Just to back up a little, the past week was fine. Adam went to his office Monday through Thursday. I took all of the kids out --with Logan masked, of course-- two different days, hitting Target on one and Costco on the other, not really because we needed anything, but because I need to get out of the house for a few hours.
Logan has continued to do well. He and Abby (and Isaac, in a way) made what I consider a pretty epic fort in our living room using a collection of blankets, pillows, a play kitchen, a bookcase, a table and some chairs. They've also played hospital and another game which involves Abby and Isaac pretending to be dogs, though I haven't yet figured out what that one's all about. (All I do know is that Isaac has the perfect yippy-dog bark. It's impressive. And piercing.) A few mornings ago Isaac came to me after he'd gotten our his Fisher Price car ramp --maybe his favorite toy of all time-- and some Cars diecast vehicles and said he wanted Logan to play cars with him. I told him to ask Logan, assuming he'd say no (since he and Abby more often than not refuse to play with poor Isaac) but he surprised me and said yes. It was such a joy to see them sitting on the floor zooming their cars along. Such a simple thing, such a mundane thing, but still such an amazing joy.
He finished his first week of the oral chemo, and handled it reasonably well, though it definitely seems to have taken a little wind from his sails. I suspect he feels more tired and a bit more nauseaus than usual of late. But as usual, he's handled it like a champion. He has substantially more hair now, mostly on sides of the top of his head (think male pattern baldness), and it's very, very dark. It's shocking, really, since he was strawberry blonde before, but they've always said that it could look very different when it grows back in. The back, where he was irradiated most aggressively, is still pretty smooth with just a few little prickles of new hair growth.

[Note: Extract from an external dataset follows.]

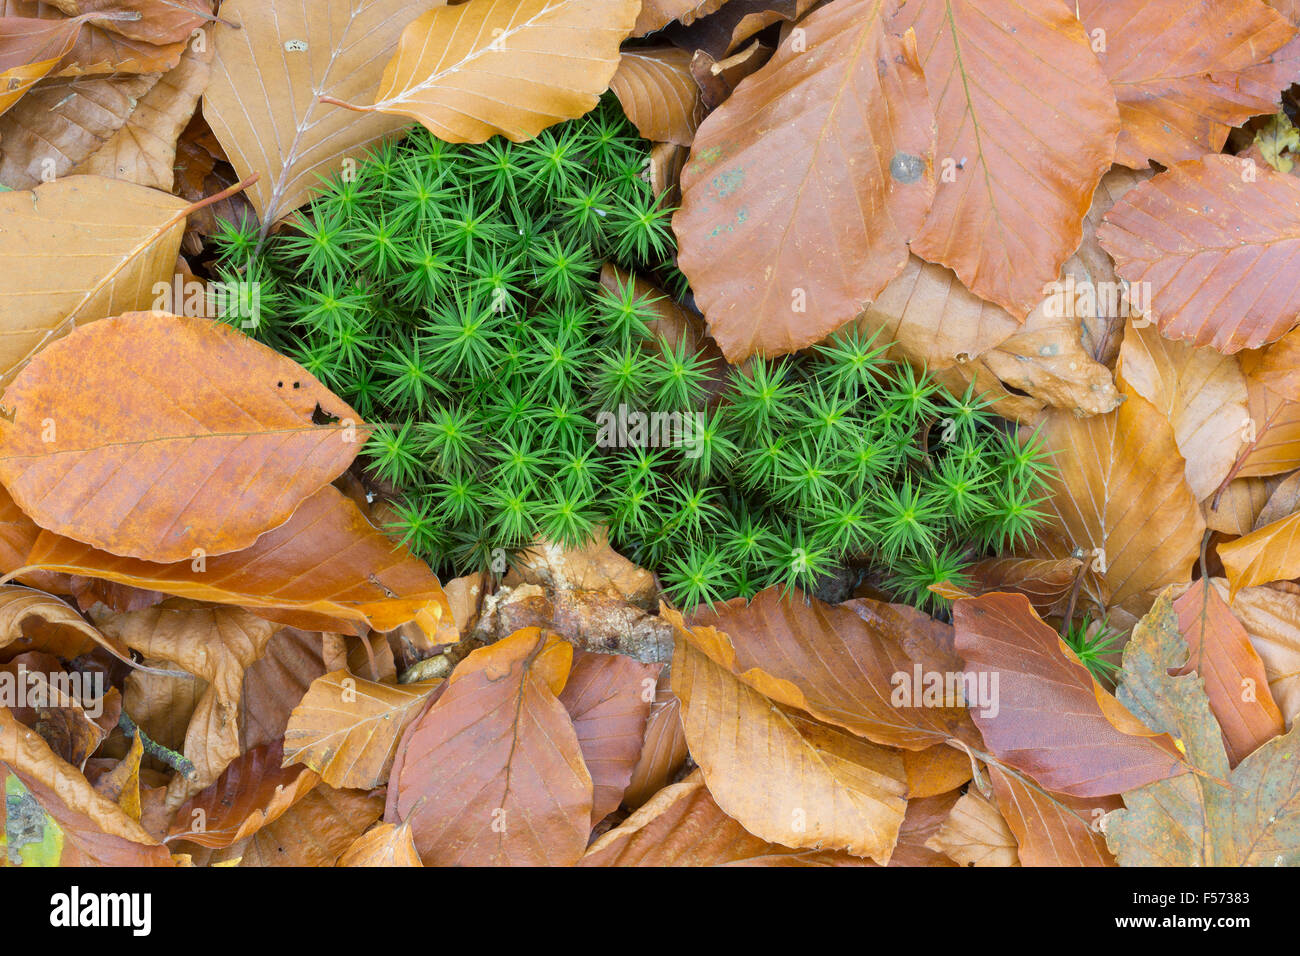 Common Haircap moss, Polytrichum commune, and Beech leaves, in autumn. Stock Photo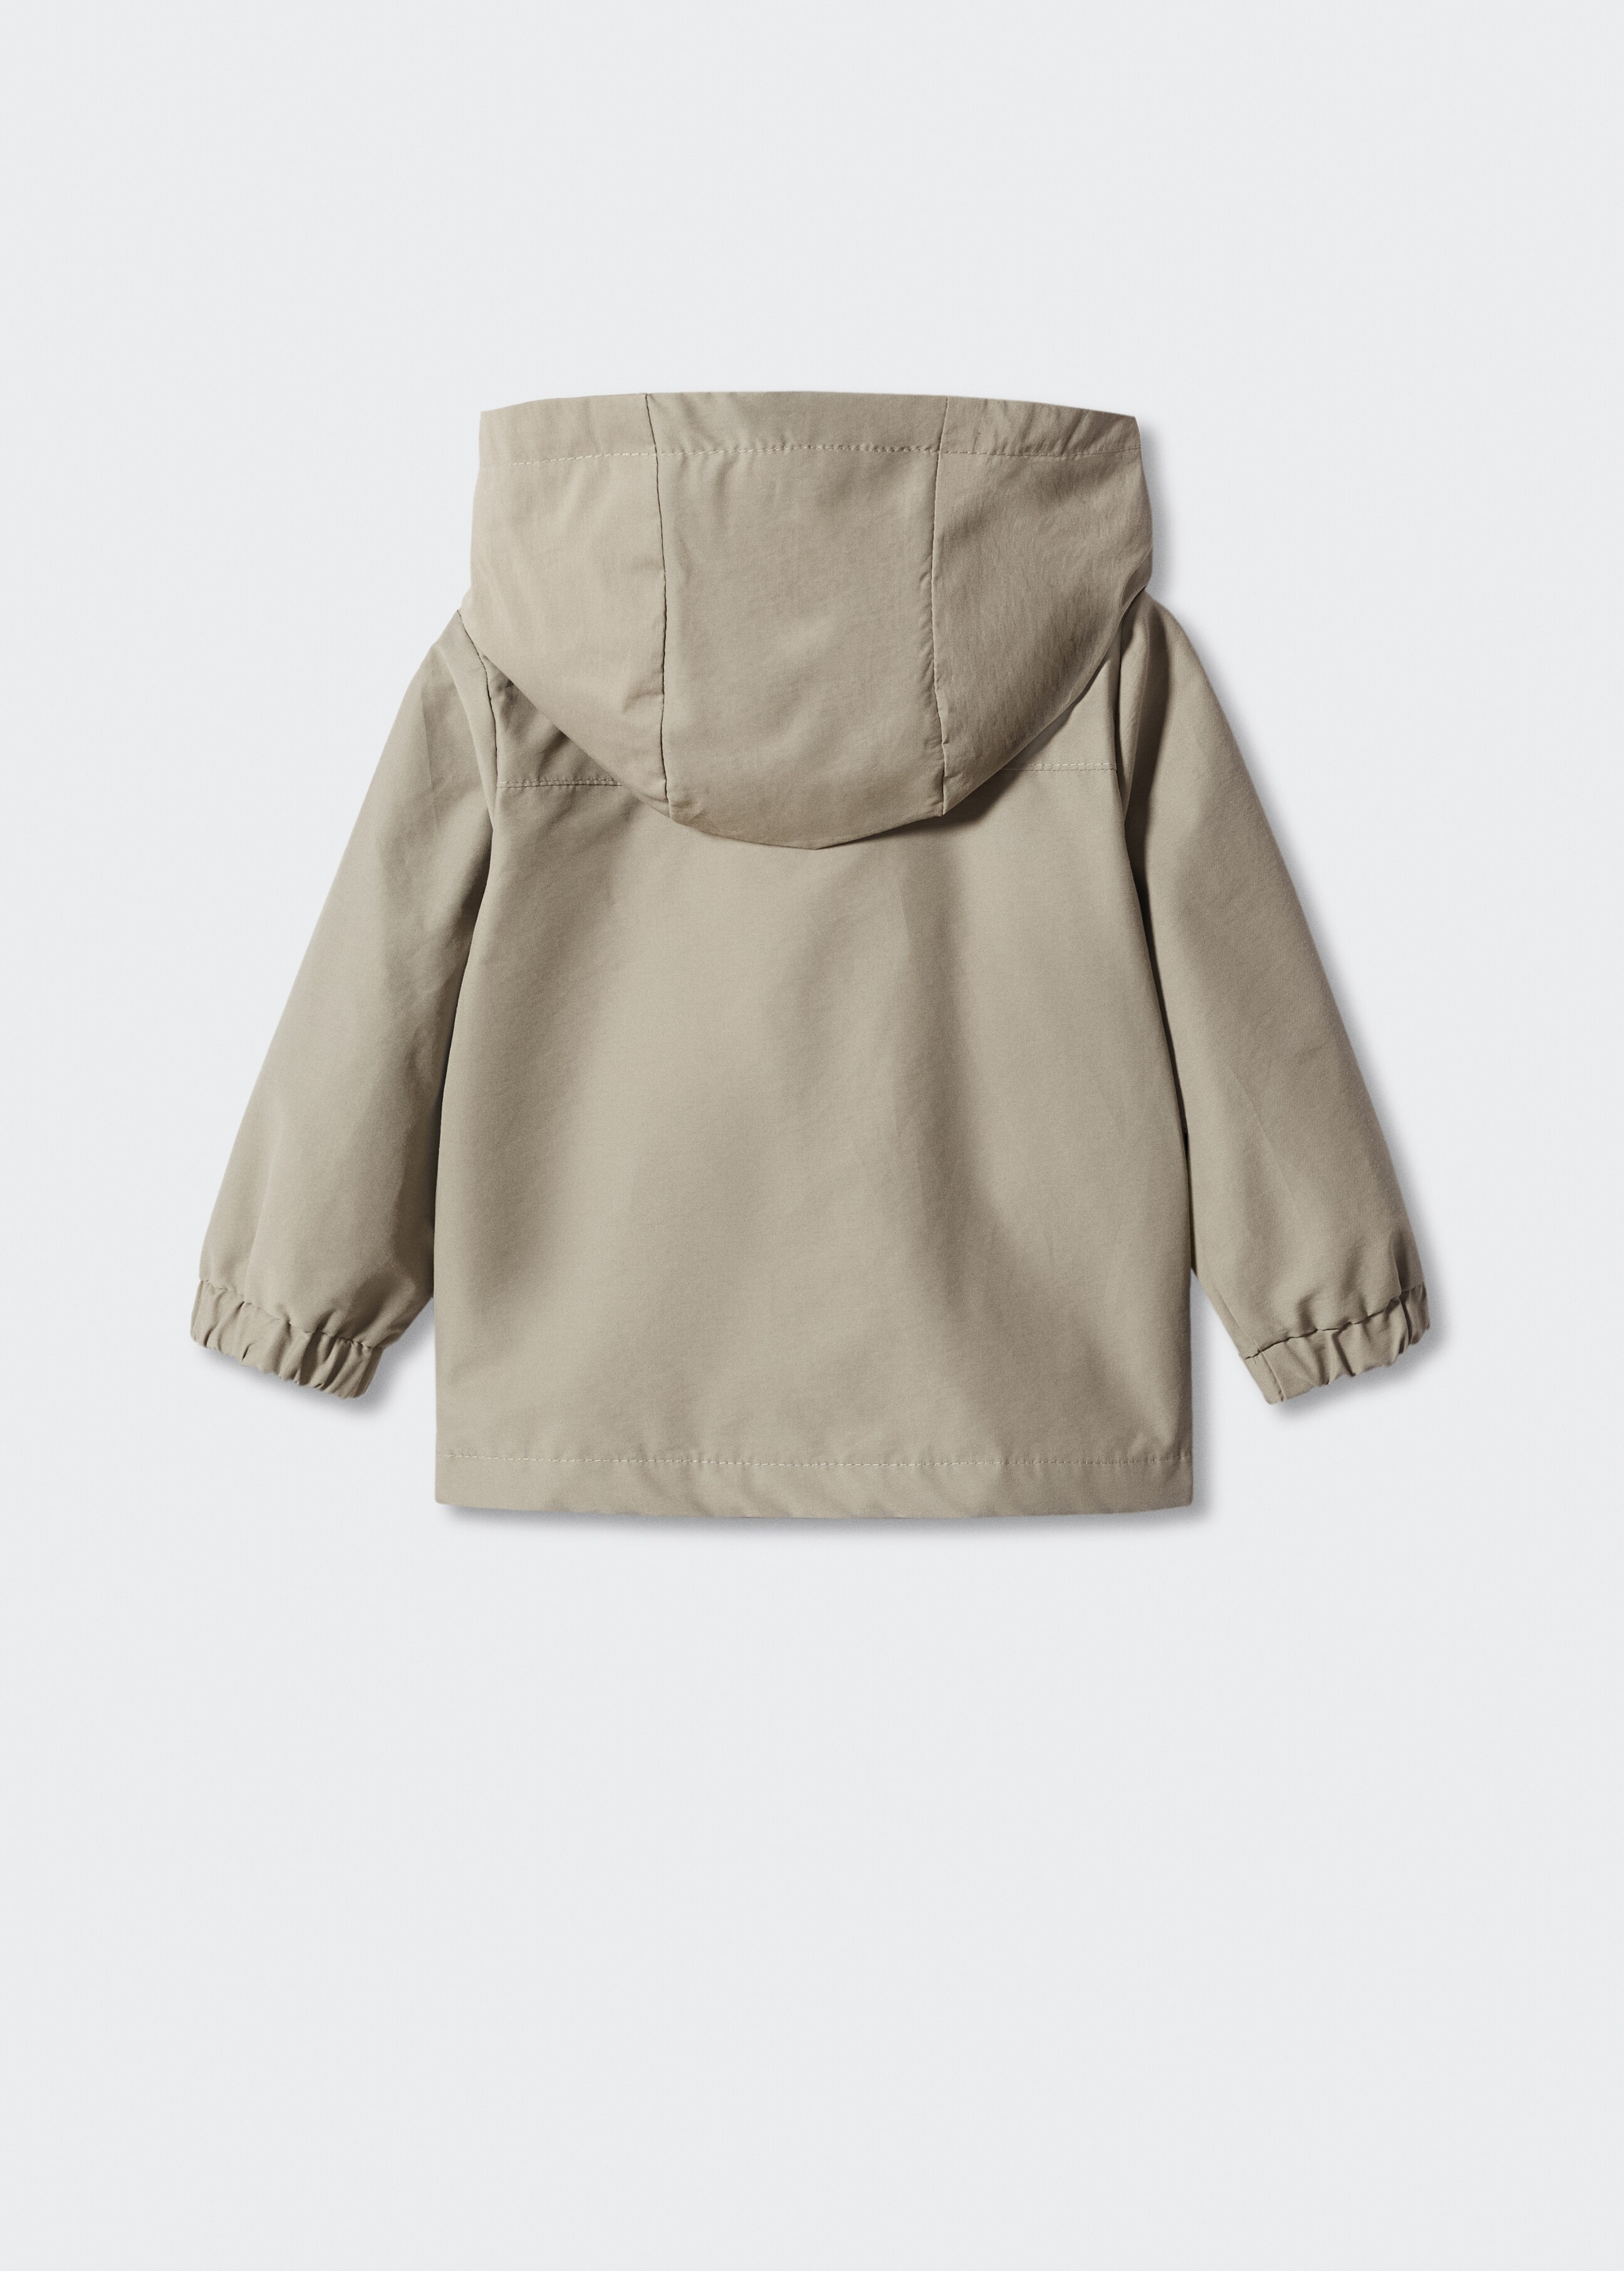 Pocket parka - Reverse of the article

I want to close with some prayer requests. First and foremost, and as always, please pray for sustained, true healing for Logan. I still get nervous over all of it sometimes, so pray for confidence and faith for Adam and me as well. Please pray for protection for Logan and for the rest of our family, and also for every member of his prayer team. Thank you so much for lifting us all up, and for being here. You're a blessing to us.
Finally, I have two more people for you to add to your personal prayer lists. I've become something of a clearing house for prayer requests these days, and I feel honored to pass them on to you, well-aware and confident that God hears them all! I'll just give names and conditions: First is three-year old Abby who was recently diagnosed with brain cancer; second is Angela, who has colorectal cancer in a late stage. Also please pray for the family of Janel, a young woman who passed away from cancer last night.
Thank you for being a part of Logan's team. Thank you for continuing to spread word of his story and for continuing to recruit prayer warriors for him. Happy weekend.
Thank you so much for your continued prayers and support, for unexpected notes of encouragement, for just being you and being open to go along on this journey with us. You are a blessing to me!